Why is this important? Because when Monty opens a door before offering you the chance to switch, he never opens the door with the car. This changes what is called the "problem space" and keeps it from being merely an exercise about random guesses.

Part 2: Compelling Explanations of the Answer

I have found that in explaining Monty Hall, different people respond to different ways of restating it. One explanation works for Ernest, who now understands, but it doesn't make things any clearer for Miguel, who responds to a different way of looking at the problem. The idea here is to show a few different ways to understand it, so that any one of them might help one understand why the odds shift the way they do.

1. The essence of the choice can be boiled down to this: you get one door, which leaves Monty with two doors. You know that at least one of Monty's doors is a loser, so him showing you that fact changes nothing. Monty offers you the choice of either having your one door, or his two doors (a loser of which he already opened for you). His two have a collective 66.6% chance of winning and your one has a 33.3% chance of winning.

2. Suppose there were a thousand doors, and you chose one. Monty then keeps opening door after door, and you stay with your original door each time. He opens 998 doors, all of them goats. Do you really think the odds are 50% you chose the correct one door out of the thousand right off the bat? You'd very seriously consider switching in this situation, wouldn't you? Doesn’t it seem obvious that Monty's 999 doors have a better chance of having the winning door in there someplace?

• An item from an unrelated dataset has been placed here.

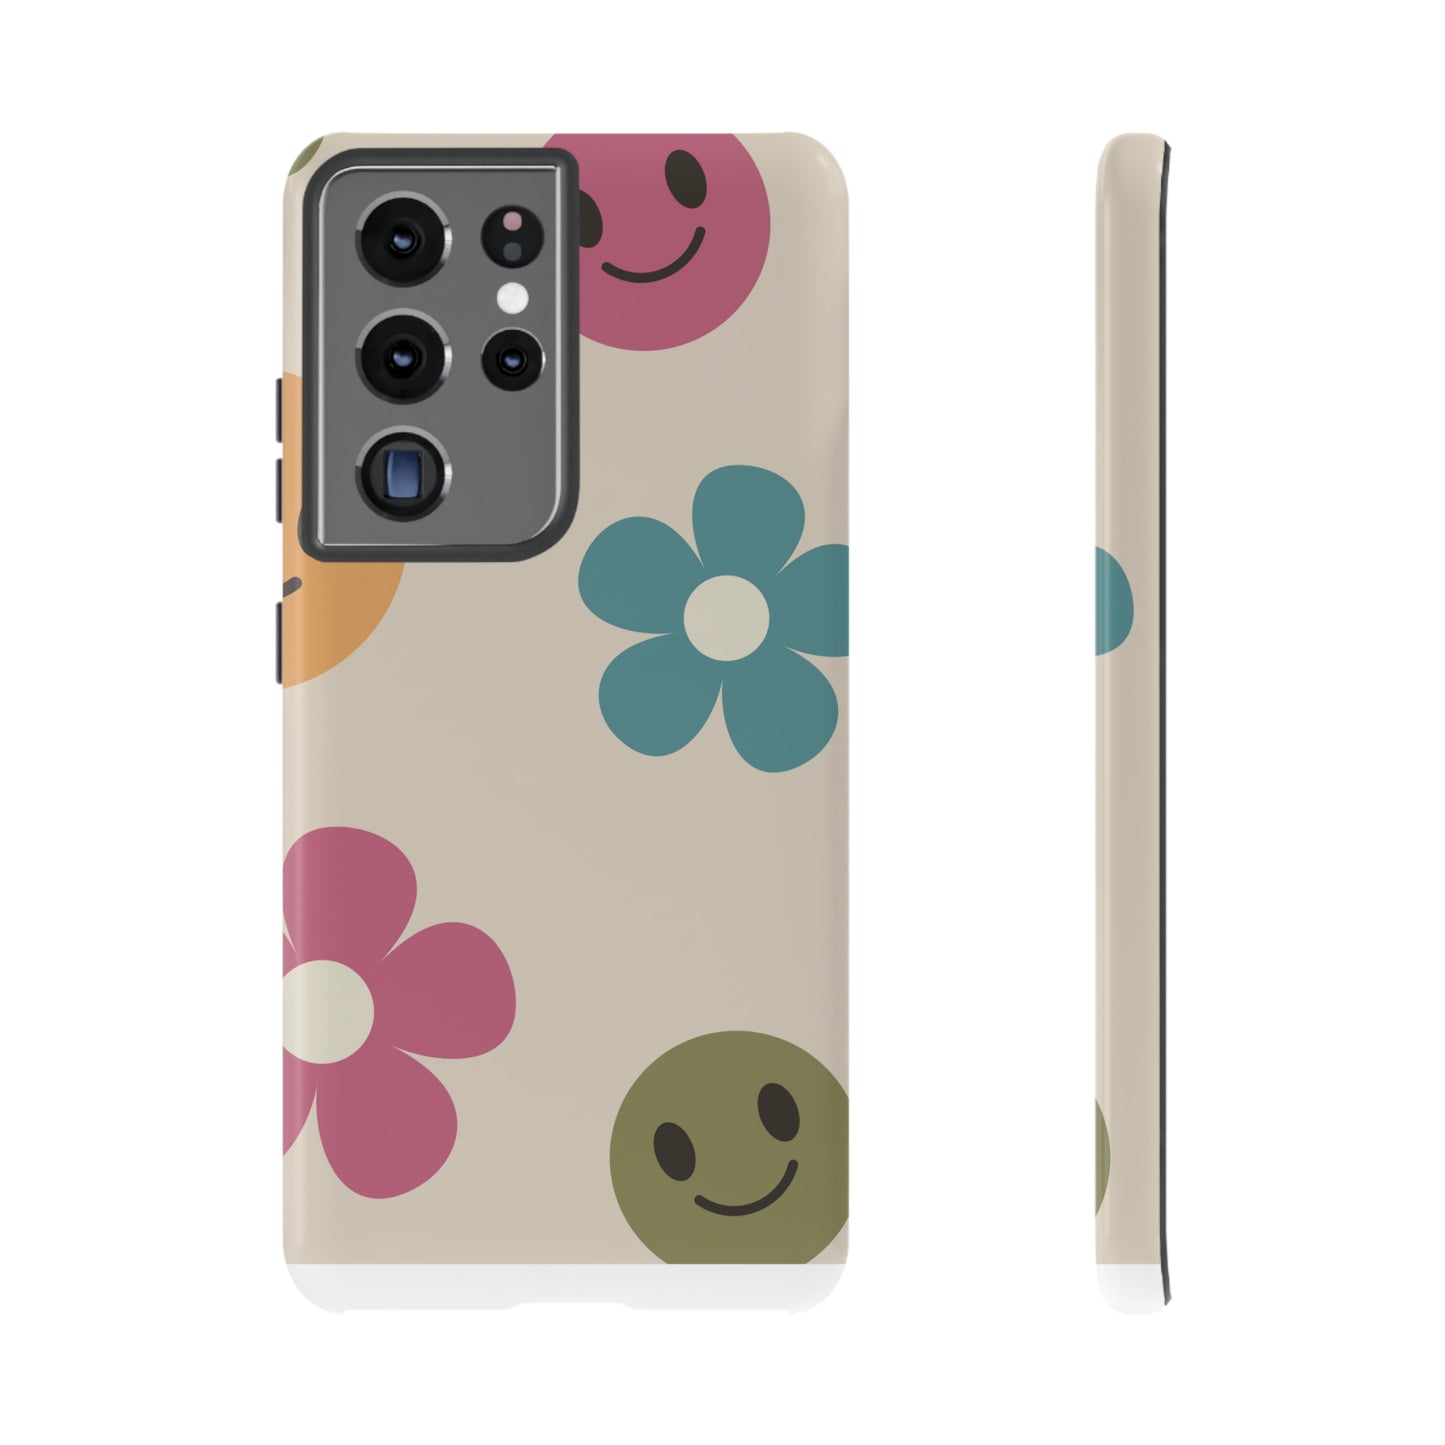 Retro Flower and Smiley Face Cell Phone Case, iPhone, Samsung Galaxy, Google Pixel Tough Cases, Free Shipping, School

This is meant to show that it's easier to see the odds shift when the numbers are larger. The odds in this example are obviously much better than in the real problem, but the mechanic is the same: switching increases your odds of winning, and this is an exaggerated example of that.

3. There are basically three ways this can go down. Assume Door 1 is the winner:

A. You pick Door 1. Monty shows you another door and you switch. You lose.

B. You pick Door 2, which is a goat. Monty shows you Door 3 and you switch. You win.

C. You pick Door 3, which is a goat. Monty shows you Door 2 and you switch. You win.

Those are the only real ways it can play out. Two times out of three (B and C), switching will win you the car.

4. Let's just brute force the thing for every explicit combination, and tally up the odds.

Part One: There are these doors, see, and you pick one. There are nine scenarios:

You pick Door 1, Door 1 has the Car (12.5% chance)

You pick Door 1, Door 2 has the Car (12.5% chance)

You pick Door 1, Door 3 has the Car (12.5% chance)

You pick Door 2, Door 1 has the Car (12.5% chance)

You pick Door 2, Door 2 has the Car (12.5% chance)

You pick Door 2, Door 3 has the Car (12.5% chance)

You pick Door 3, Door 1 has the Car (12.5% chance)

You pick Door 3, Door 2 has the Car (12.5% chance)

You pick Door 3, Door 3 has the Car (12.5% chance)

Part Two: Monty shows you a door and offers a switch. There are only 12 possible scenarios (more on that below):

You pick Door 1, Door 1 has the Car, Monty opens Door 2 (6.25% chance)

You pick Door 1, Door 1 has the Car, Monty opens Door 3 (6.25% chance)

You pick Door 1, Door 2 has the Car, Monty opens Door 3 (12.5% chance)

You pick Door 1, Door 3 has the Car, Monty opens Door 2 (12.5% chance)

You pick Door 2, Door 1 has the Car, Monty opens Door 3 (12.5% chance)

You pick Door 2, Door 2 has the Car, Monty opens Door 1 (6.25% chance)

You pick Door 2, Door 2 has the Car, Monty opens Door 3 (6.25% chance)

You pick Door 2, Door 3 has the Car, Monty opens Door 1 (12.5% chance)

You pick Door 3, Door 1 has the Car, Monty opens Door 2 (12.5% chance)

You pick Door 3, Door 2 has the Car, Monty opens Door 1 (12.5% chance)

You pick Door 3, Door 3 has the Car, Monty opens Door 1 (6.25% chance)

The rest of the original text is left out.